Keeping Their Eyes On The Ball
It appears that the US Congress is so outraged by the NFL and New England Patriots head coach, Bill Belichick, that they demand an investigation. But why are they so upset?
It’s called “spygate.” Turns out that Belichick has been taping his opposing teams’ defensive signal calls since 2000, when he took over as head coach of the Patriots. After the story broke, the NFL impounded all the evidence; however, for reasons that are unclear, the organization destroyed Belichick’s tapes and notes after fining the disgraced coach and penalizing the team its first round draft pick.
Now Congress demands to know why.
In a hearing yesterday, Republican senator–and Philadelphia Eagles fan–Arlen Specter criticized the NFL:
“[The teams] are enormous role models for everybody,” Specter said. “If you can cheat in the NFL, you can cheat in college, you can cheat in high school, you can cheat on your grade-school math test. There’s no limit as to what you can do. I think they owe the public a lot more candor and a lot more credibility.”
Left unchecked, the transitive property of cheating could spiral out of control–like a pass from Ryan Leaf.
As a former attorney, Specter also sought to place “spygate” within the framework of US jurisprudence. Drawing on the natural law that inspired our Constitution, Specter argued that Americans “have a right to have honest football games.” And he further asked, “What if there was something on the tapes we might want to be subpoenaed, for example? You can’t destroy it. That would be obstruction of justice.”

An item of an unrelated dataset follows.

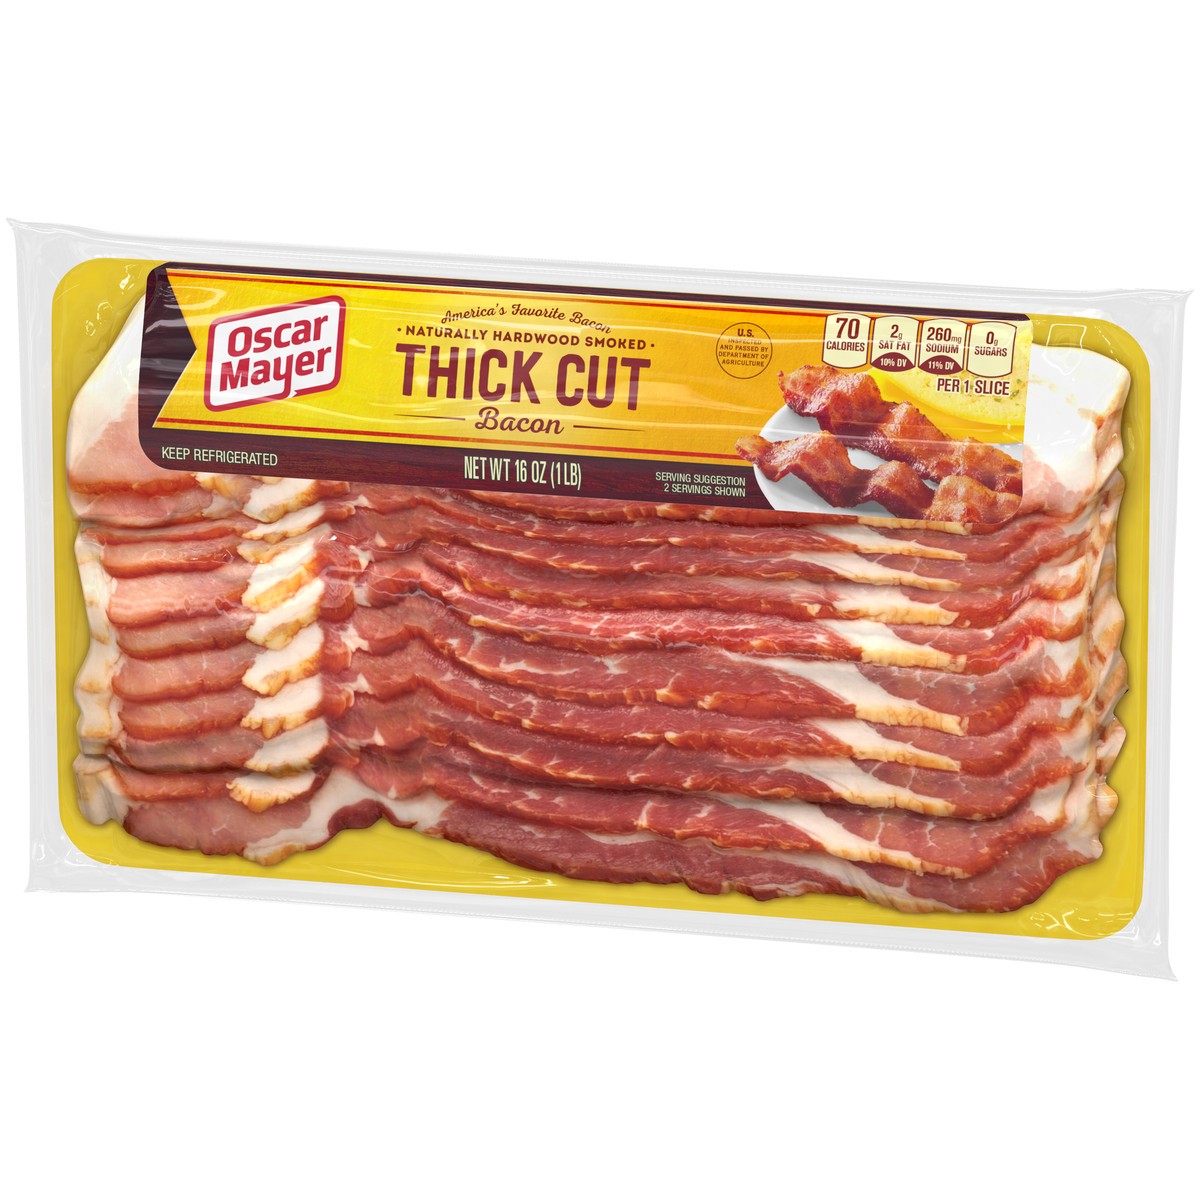 slide 8 of 15, Oscar Mayer Naturally Hardwood Smoked Thick Cut Bacon, 16 oz Pack, 11-13 slices, 16 oz
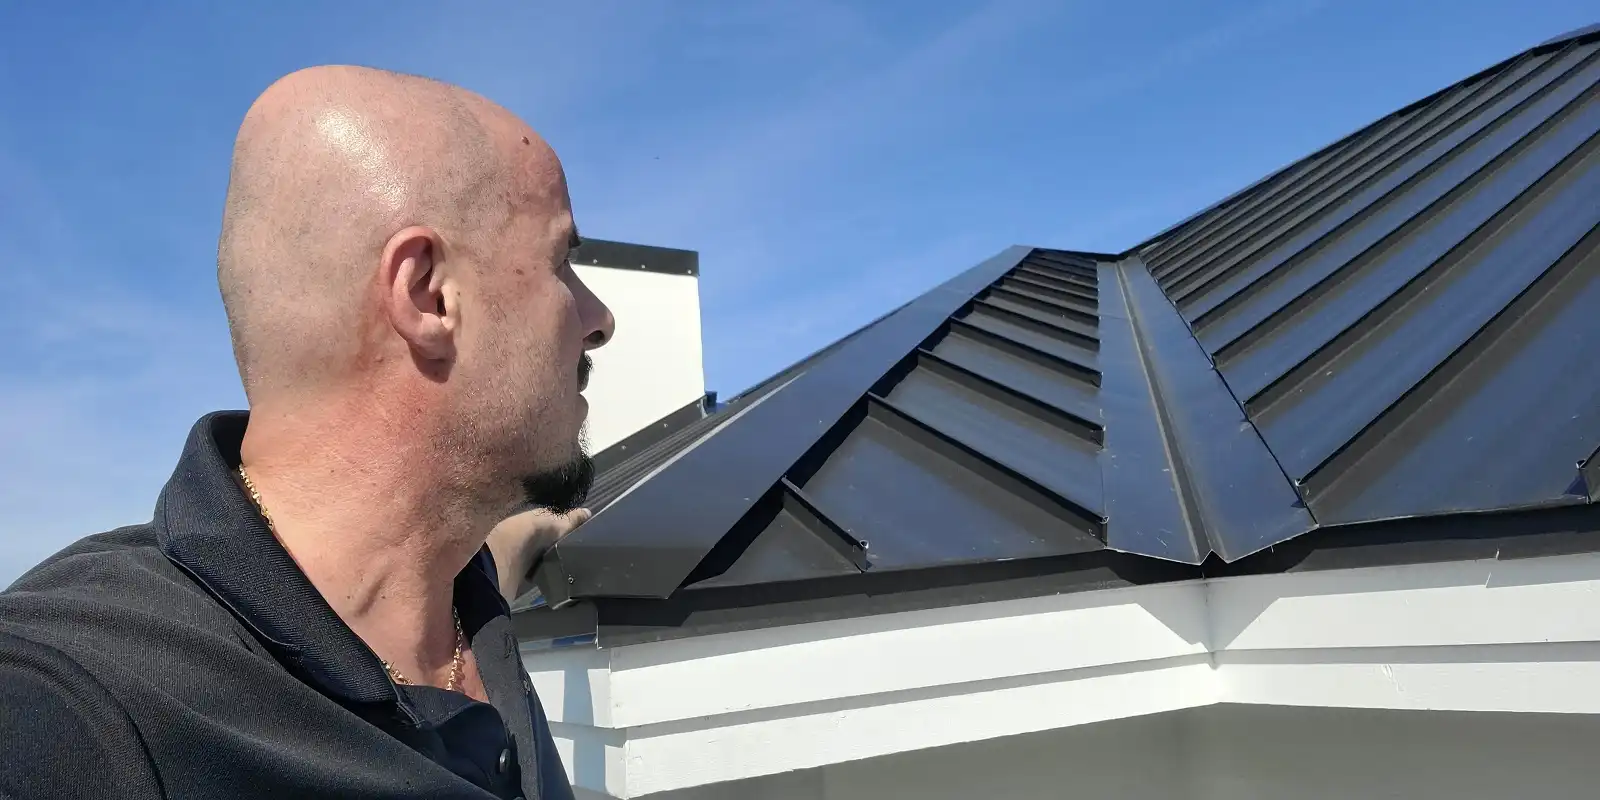 Roof wind mitigation inspection

I, for one, applaud Senator Specter’s solemn concern for our rights and the rule of law, especially since it involves illegal surveillance, destroying evidence, and obstruction of justice.
After they return integrity to the game of football, I wonder if Congress might consider working on some related problems:
C.I.A. Destroyed 2 Tapes Showing Interrogations
The Central Intelligence Agency in 2005 destroyed at least two videotapes documenting the interrogation of two Qaeda operatives in the agency’s custody, a step it took in the midst of Congressional and legal scrutiny about its secret detention program, according to current and former government officials.
The videotapes showed agency operatives in 2002 subjecting terrorism suspects — including Abu Zubaydah, the first detainee in C.I.A. custody — to severe interrogation techniques. The tapes were destroyed in part because officers were concerned that video showing harsh interrogation methods could expose agency officials to legal risks, several officials said.
Or this:
Bush Lets U.S. Spy on Callers Without Courts
Under a presidential order signed in 2002, the intelligence agency has monitored the international telephone calls and international e-mail messages of hundreds, perhaps thousands, of people inside the United States without warrants over the past three years in an effort to track possible “dirty numbers” linked to Al Qaeda, the officials said. The agency, they said, still seeks warrants to monitor entirely domestic communications.
Months after the Sept. 11 attacks, President Bush secretly authorized the National Security Agency to eavesdrop on Americans and others inside the United States to search for evidence of terrorist activity without the court-approved warrants ordinarily required for domestic spying, according to government officials.